Небольшая референса по созданию датасетов и нейронкам keras

Достался мне небольшой гавнопроект по нейронкам. Что-бы не терять времени бычтренько запилю тут основные моменты.

входные данные имеют примерно такой вид и структуру

ID, DateTime, Data1, Data2

Данные снимаются каждые пять минут, и в результате выходит файлы, в котором куча разных идшников с графиками двух параметров переменной длинны.
Ессно в таком виде данные на вход нейронки мы падать не можем. поэтому используем интерполяцию. я использую 10 точек для интерполяции и передачи времени от начала эксперемента средних значений для точки интерполяции параметра1 и минимальных, максимальных средних значений для параметра два для каждой точки интерполяции преобразуя рав дату в дата ассет вида.
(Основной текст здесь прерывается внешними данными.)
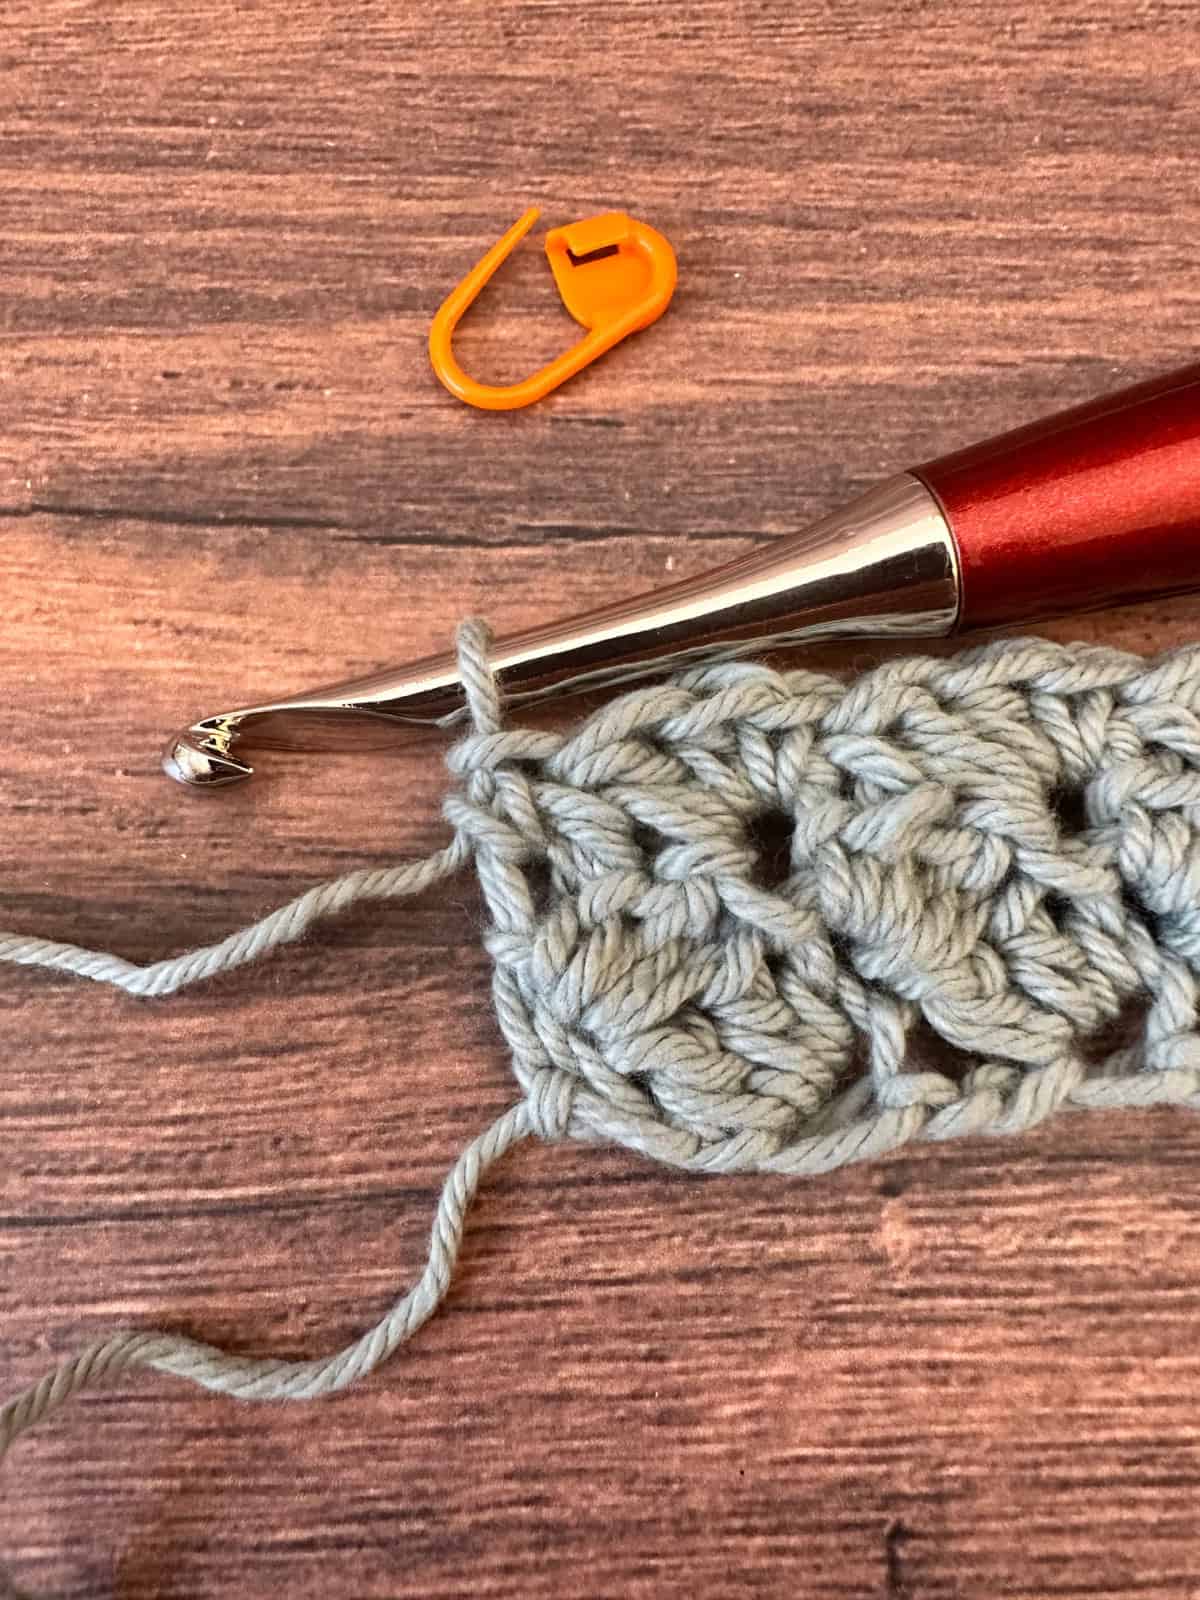 Single crochet in chain 1.

Вообще можно использовать не только минимальные, максимальные но и всякого рода дисперсии и отклонения в зависимости от задачи

TargetCalssNUM,
Dapa1_point1 .. Data1_point_10,
Data2_point1 .. Data2_Point10, 
Data2min_point1 .. Data2min_point10, 
Data2max_point1 .. Data2max_point10,
Time1 .. Time10

кусок гавнокода решающий задачу создания датасета из рав данных

import csv
import re
import datetime;
import sys;
import time;
from random import randint

def writeToFile(filename, fieldnames, records,interpolation_points):
    with open(filename, 'w', newline='') as csvfile:
       #fieldnames=['first_name', 'last_name']
        writer = csv.DictWriter(csvfile, fieldnames=fieldnames)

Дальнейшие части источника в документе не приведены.